C’est dans les campagnes, loin des villes, qu’il faut aller chercher la vie coloniale, si l’on veut en saisir la physionomie vraiment originale. Un monde à part s’y révèle dès les premiers pas. En France, les nombreux villages qui servent de centres agricoles rappellent à l’esprit et le temps de la féodalité et l’obligation de se réunir en groupes pour se défendre pendant des siècles de barbarie. Il en fut autrement dans nos îles. La crainte des luttes intérieures ne tarda pas à disparaître avec les Caraïbes aborigènes, et, chaque colon pouvant librement s’établir et s’organiser sur le terrain qui lui était concédé, les rares villages qui se créèrent se virent en quelque sorte annulés d’avance. Presque en même temps l’esclavage vint donner une forme définitive à cette existence à la fois agricole et manufacturière. Bien que sur toute l’étendue de l’habitation (c’est le nom que l’on donnait à ces domaines, dont le possesseur s’appelait habitant) l’autorité du maître fût plus absolue que ne l’était au moyen âge celle du baron sur ses vassaux, ce n’était pas la féodalité, si hiérarchique au sein de ses désordres, mais plutôt une sorte d’autocratie patriarcale, dont nos sociétés européennes n’offraient aucun exemple, et qui, tantôt prônée avec excès, tantôt calomniée outre mesure, ne manquait pourtant ni de mérite propre ni d’une certaine grandeur. Un groupe de chaumières ou de cases à nègres éparpillées pêle-mêle entre des touffes de bananiers ; sur un plateau voisin, la maison principale ; plus bas, la sucrerie et les ateliers qui en dépendent ; tout autour, de vastes champs d’un vert pâle dominés par de puissantes montagnes chargées de forêts, tel est le tableau matériel de cette existence, tel est le coup d’œil général de la campagne de nos Antilles. Pénétrons dans une de ces habitations où s’élabore la fortune coloniale. L’hospitalité y est traditionnelle, et les révolutions ne changeront rien sous ce rapport.

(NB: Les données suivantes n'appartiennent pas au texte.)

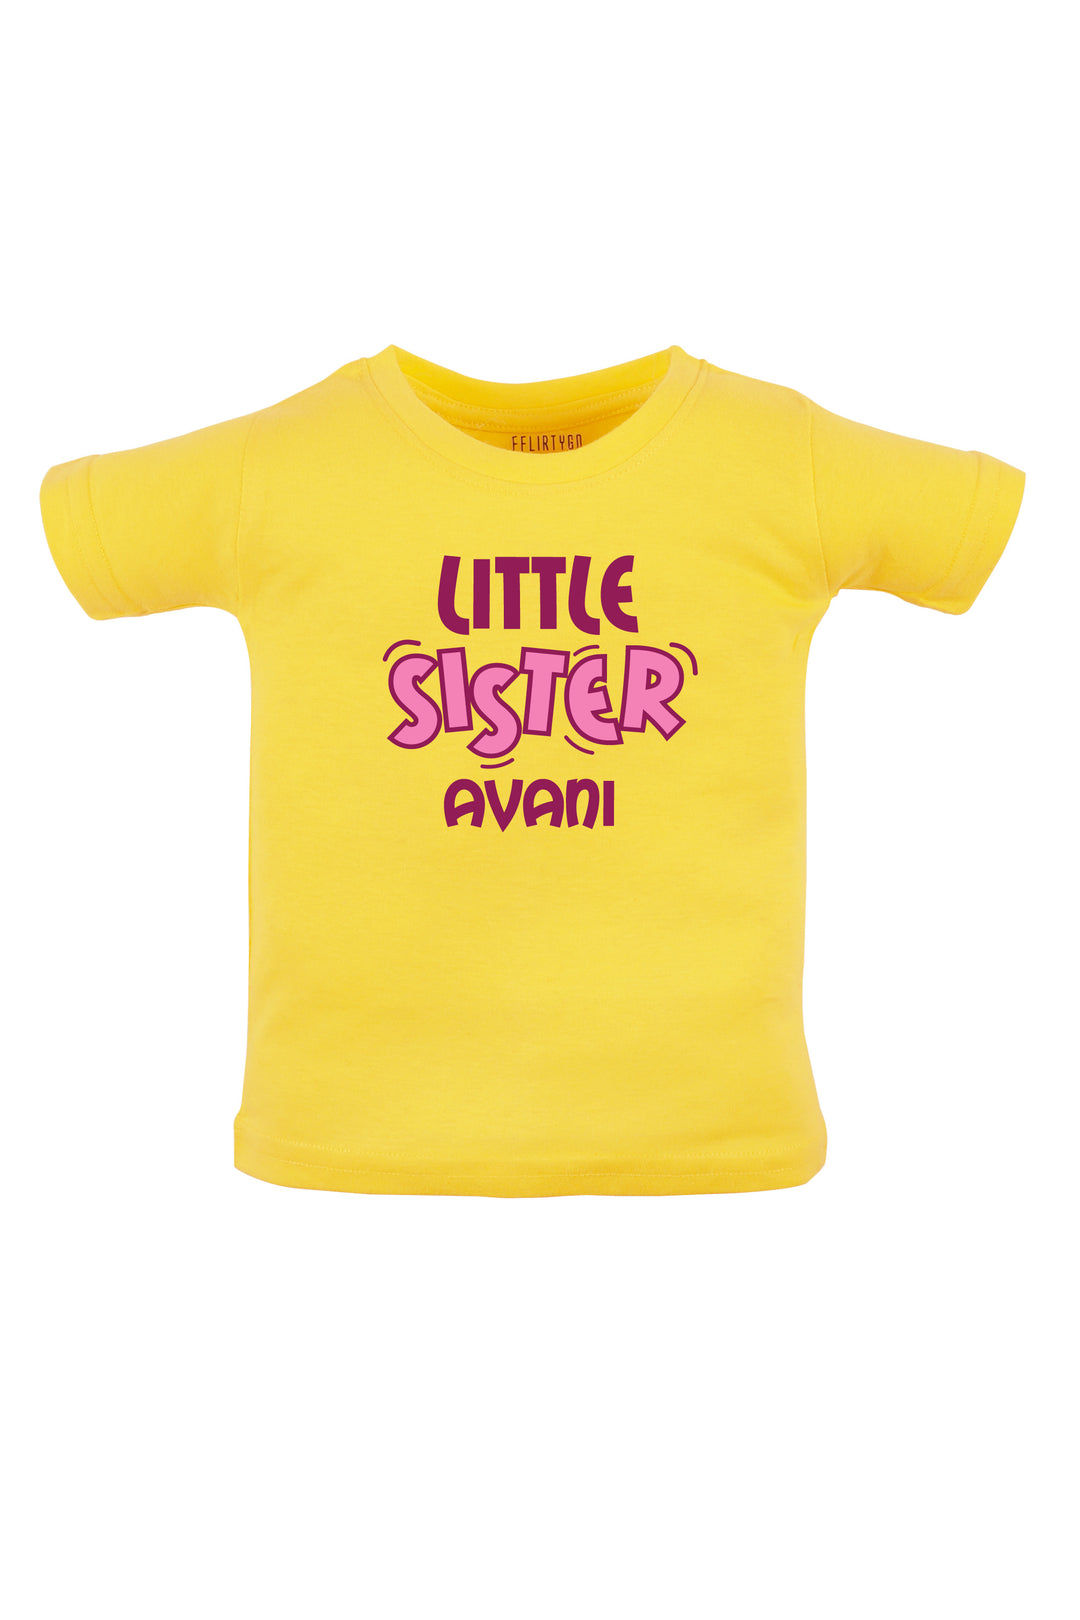 Little Sister W/ Custom Name

Pour l’Européen habitué à voir l’agriculture, sinon dédaignée, du moins généralement abandonnée à des mains rustiques, ce sera une première surprise que de rencontrer un propriétaire scrupuleusement civilisé et d’une distinction, d’une urbanité de manières dont se préoccupent peu nos fermiers de la Beauce ou de la Brie. C’est que l’habitant est tout à la fois agriculteur, industriel et manufacturier.